All Quiet on the Western Front is sharply different. One of the first attempts in writing of the author focuses exclusively and entirely on the German soldiers during the First World War and is rightly proclaimed one of the greatest anti-war novels of all times. In his subsequent works Remarque continues opposing the war somewhat peripherally but All Quiet on the Western Front is his open and honest rebellion against one of the most disastrous “invention” of humanity.
I remember a picture I saw on the internet – a shark and a diver are swimming in the sea. The caption below reads: Above you will see the most dangerous animal on the earth. Next to it a shark is swimming peacefully. This most dangerous animal on earth is central to Remarque’s criticism in All Quiet on the Western Front. The author himself was sent to the Western front at the age of 18th and large parts of the novel can be seen as autobiographical. He vividly and in detail describes the horror of the war – 20 something boys are sent to fight and are transformed into men over a night. They don’t have a childhood, or a youth. The extreme physical and mental distress of the war combined with the utter detachment from civilian life upon their return home, transform them into mere shadows of human beings.

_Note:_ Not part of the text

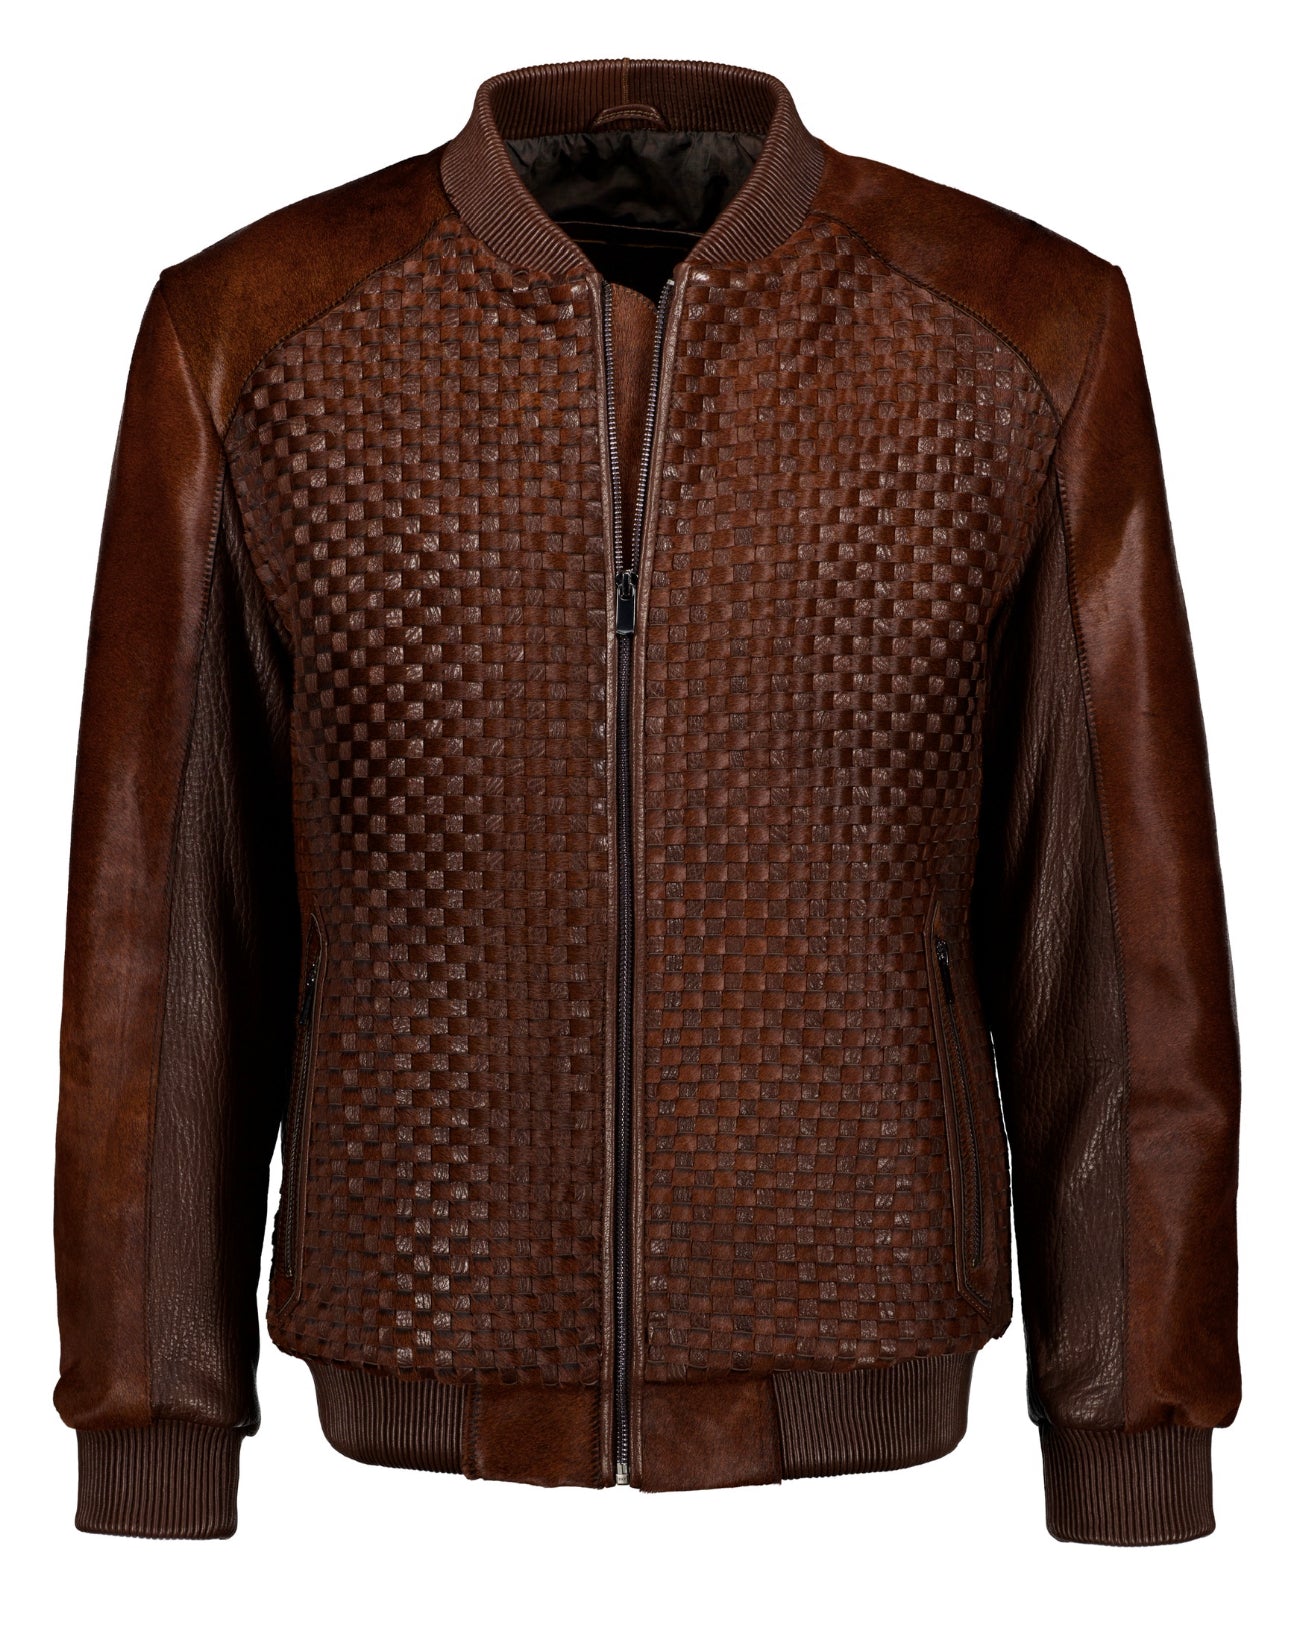 Horsehair Leather Jacket - Cognac Brown - Leather Jacket by Urbbana

The lost generation. Just out of high school, these boys don’t have a profession, a wife, children. All they know from their conscious life are trenches, grenades, blood and death. Upon returning from combat, they are disillusioned and lost in a world they don’t know. The older men can return to their jobs and families, but these young boys have to return to a nothingness and start building their life from scratch. Remarque skillfully describes a generation that survived the war and yet was destroyed by it. These soldiers go through extreme mortal situations and yet the peace and calm of home for them seems an even harder battle.
Through the eyes of the narrator Paul Baumer and his friends, Remarque asks the inevitable yet unanswerable questions. Why does war exist? Who decides to fight? Can both we and the enemies be right if both our and their government claim to be right? How come some men sign some papers and then a bunch of young boys go and die in their place? What would we have done different if it was us deciding whether to fight or not? How can a country hate another country? Can a mountain in France hate a mountain in Germany?
One episode stands out vividly in my mind. Paul Baumer is in combat, hiding in one of the trenches, when an enemy jumps in there with him. Instinctively, to protect his life, Baumer stabs deadly the enemy soldier. And then starts taking care of him – covering his wounds, bringing him water, apologizing, and promising to write to his family. This is one of the contradictions of war, that leaves these boys confused and lost – you have to kill to survive and yet you feel a deep compassion for your enemy, whose only fault was that he was born on the opposite side of the conflict.
All Quiet on the Western Front is bitterly honest and touching. In simple words and simple situations it describes the violence and fatuity of war, which leaves millions of men crippled both physically and mentally or…dead. At the end of the day, there are no winners – just losers, some luckier than others.